Plan ➜ Acquire ➜ Prepare ➜ Explore ➜ Model & Evaluate ➜ Deliver

1. PLAN

  • Define the project goal
  • Determine proper format for the audience (Defensive Coordinator)
  • Asked questions that would lead to final goal
  • Define an MVP

2. ACQUIRE

  • Create a function to pull appropriate information from the play-by-play csv files for 2017-2021 seasons
  • Create and save a wrangle.py file in order to use the function to acquire

3. PREPARE

  • Ensure all data types are usable
  • Create a function that will:
    • drop unneeded columns
    • get rid of kick formation rows
    • get rid of other plays other than pass and run
    • create a 'SecondsLeft' column
  • Add a function that splits the acquired data into Train, Validate, and Test sets
  • 20% is originally pulled out in order to test in the end
  • From the remaining 80%, 30% is pullout out to validate training
  • The remaining data is used as testing data
  • In the end, there should be a 56% Train, 24% Validate, and 20% Test split

4. EXPLORE

  • Create an exploratory workbook
  • Create initial questions to help explore the data further
  • Make visualizations to help identify and understand key driver
  • Create clusters in order to dive deeper and refine features
  • Use stats testing on established hypotheses

5. MODEL & EVALUATE

  • Use clusters to evaluate drivers of offensive pass plays
  • Create a baseline
  • Make predictions of models and what they say about the data
  • Compare all models to evaluate the best for use
  • Use the best performing model on the test (unseen data) sample
  • Compare the modeled test versus the baseline

6. DELIVERY

  • Present a final Jupyter Notebook that utilizes a written report format
  • Make modules used and project files available on Github

REPRODUCIBILITY:

Steps to Reproduce

  1. Have your env file with proper credentials saved to the working directory

  2. Ensure that a .gitignore is properly made in order to keep privileged information private

  3. Clone repo from github to ensure availability of the acquire and prepare imports

  4. Ensure pandas, numpy, matplotlib, scipy, sklearn, and seaborn are available

  5. Follow steps outline in this README.md to run final_report_pass_run.ipynb


KEY TAKEAWAYS:

Conclusion:

The goals of this project were to identify drivers of pass plays in order to predict whether or not a play would result in a pass or run for NFL offenses.
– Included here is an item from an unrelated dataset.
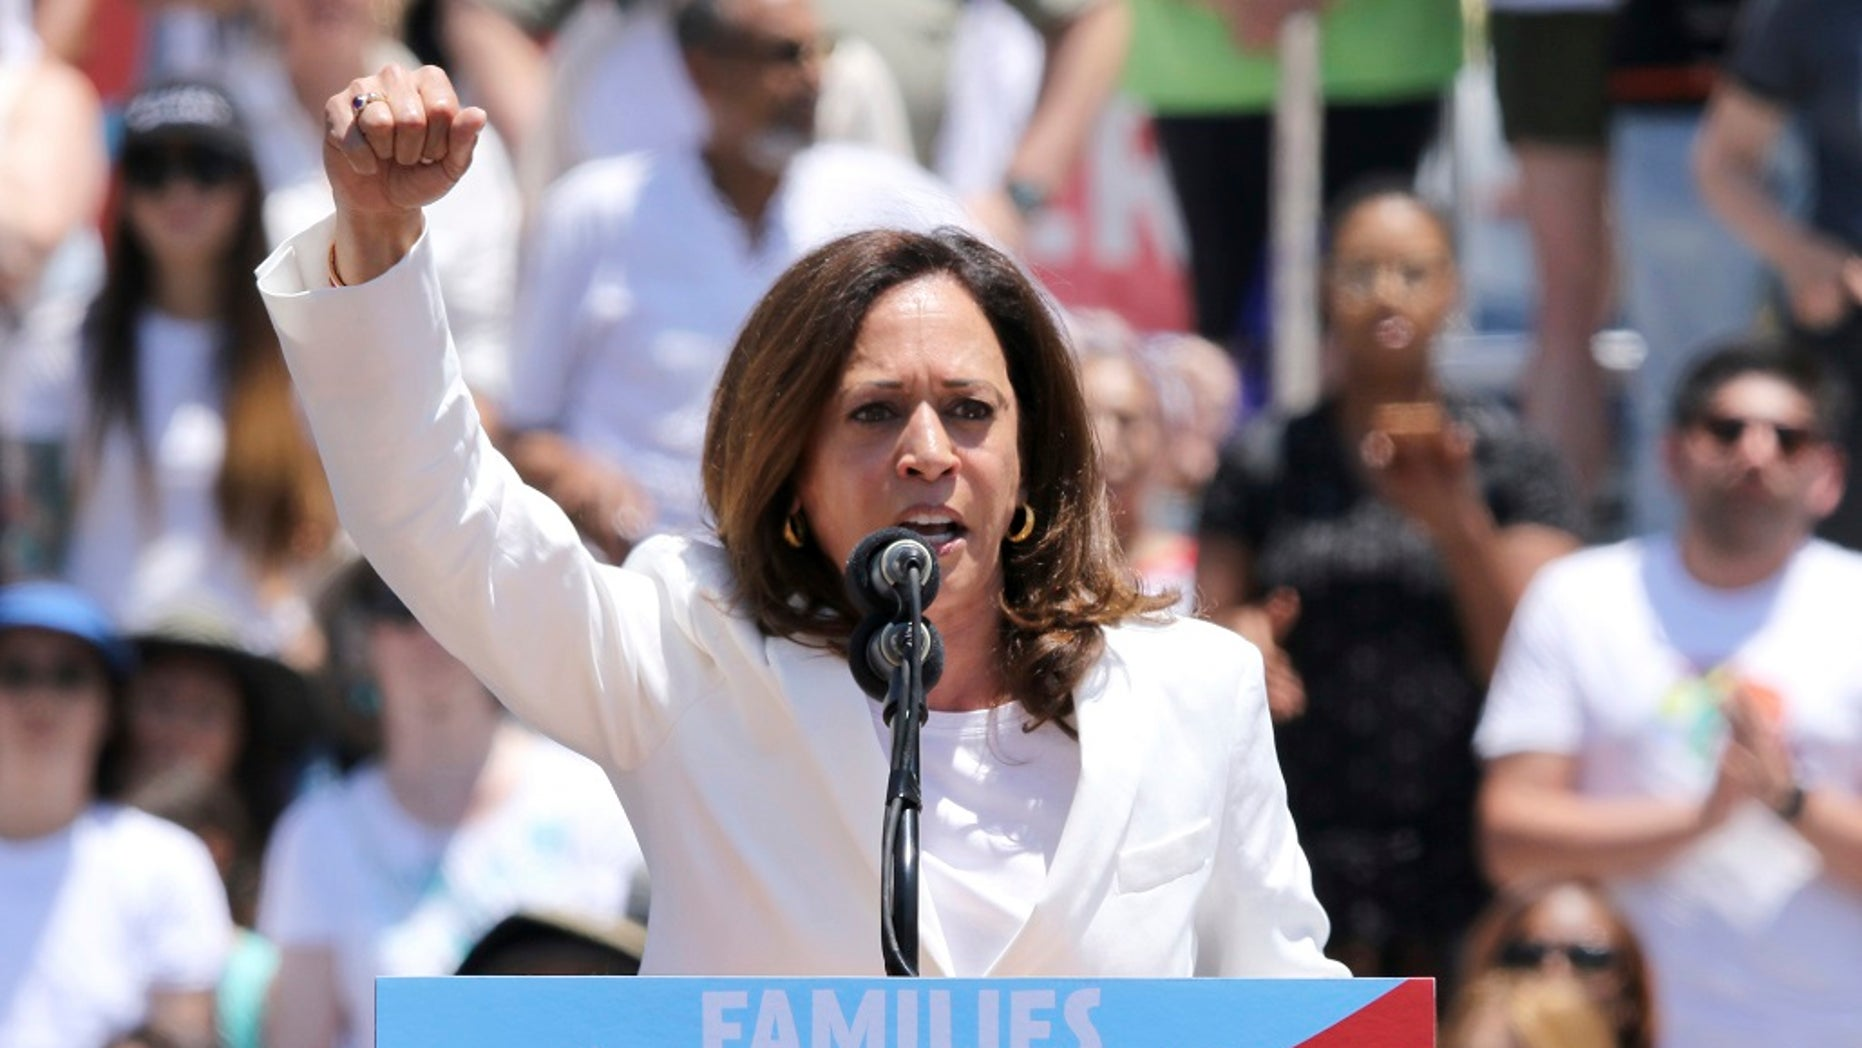 U.S. Sen. Kamala Harris, D-Calif., Speaks at the

Key drivers found were the following:

  • Down
  • Yardline
  • togo_cluster (Yards to go along with seconds left in the game) Using these drivers to help our model resulted in an increase of 2.74% over the baseline.

Recommendation(s):

An increase of 2.74% isn't impactful enough to push the model forward to help with predictions in future or real time scenarios. The model must be further refined.

Next Steps:

With more time, I would like to:

  • Work on more feature engineering and explore more relationships of categories to passing and/or running the ball.

  • Explore other datasets to find and create features that will help refine our current model or result in the creation of a new model.

  • Look into focusing on plays that happened on specific down and by specific teams.